IRGC’s extraterritorial Quds force leads activities of regime’s proxy forces against the United States, Israel, and other adversaries in the region and beyond. The IRGC is providing drones and missiles for the Russian invasion of Ukraine, and is also involved in assassinations, kidnappings and cyberespionage operations across the globe.
The outfit is also behind drugs and arms trafficking and money-laundering and other cases of economic corruption both in Iran and abroad. The IRGC is also the main force to suppress any critical voice in Iran with its members unofficially exempt from due process in case of wrongdoing and corruption.
Over 500 Iranians have been killed by security forces, mainly consisting of the IRGC and its Basij militia, during the crackdown on the last year protests, which may resume throughout Iran in the coming weeks.

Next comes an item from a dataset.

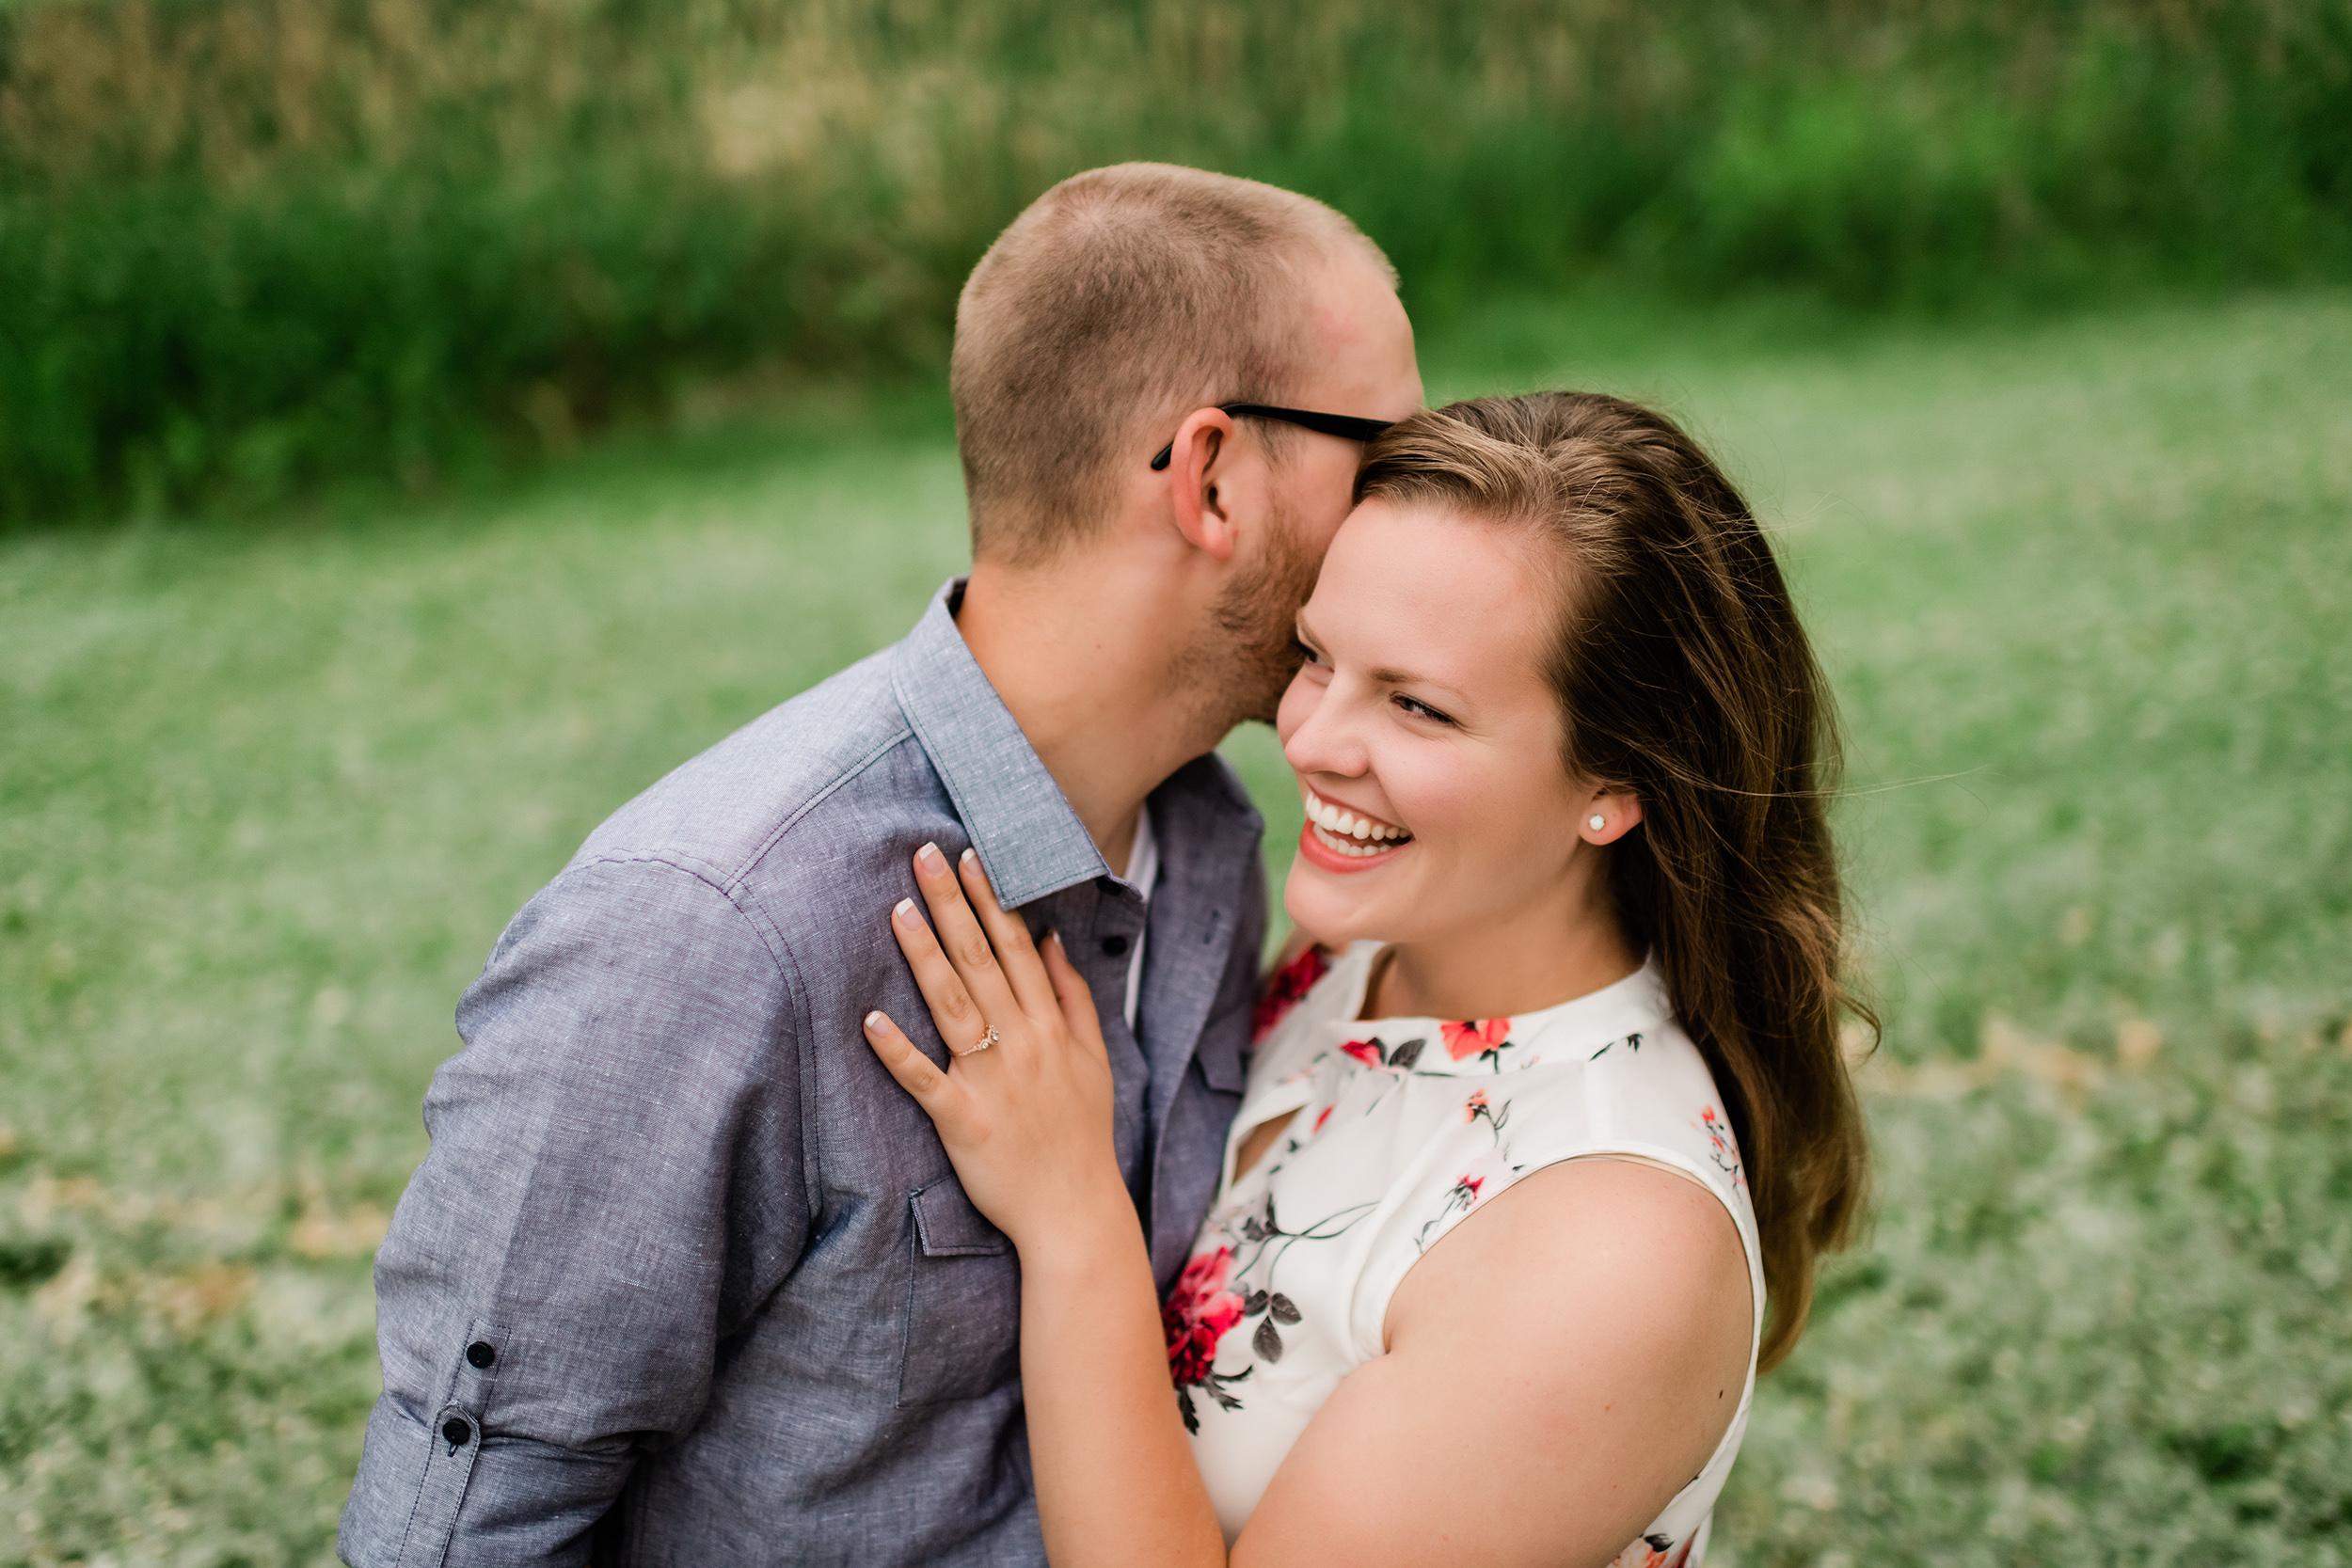 Man whispering in his fiancé's ear

Numerous politicians across France, Germany, the UK, and other European nations are eager to push for the designation of the IRGC, asserting that it has been significantly delayed. Resolutions have also been adopted in their respective parliamentary bodies, underscoring the pressing need for the IRGC's designation. However, both UK and European governments perceive this step as a potential impediment to diplomatic engagement with the Tehran regime.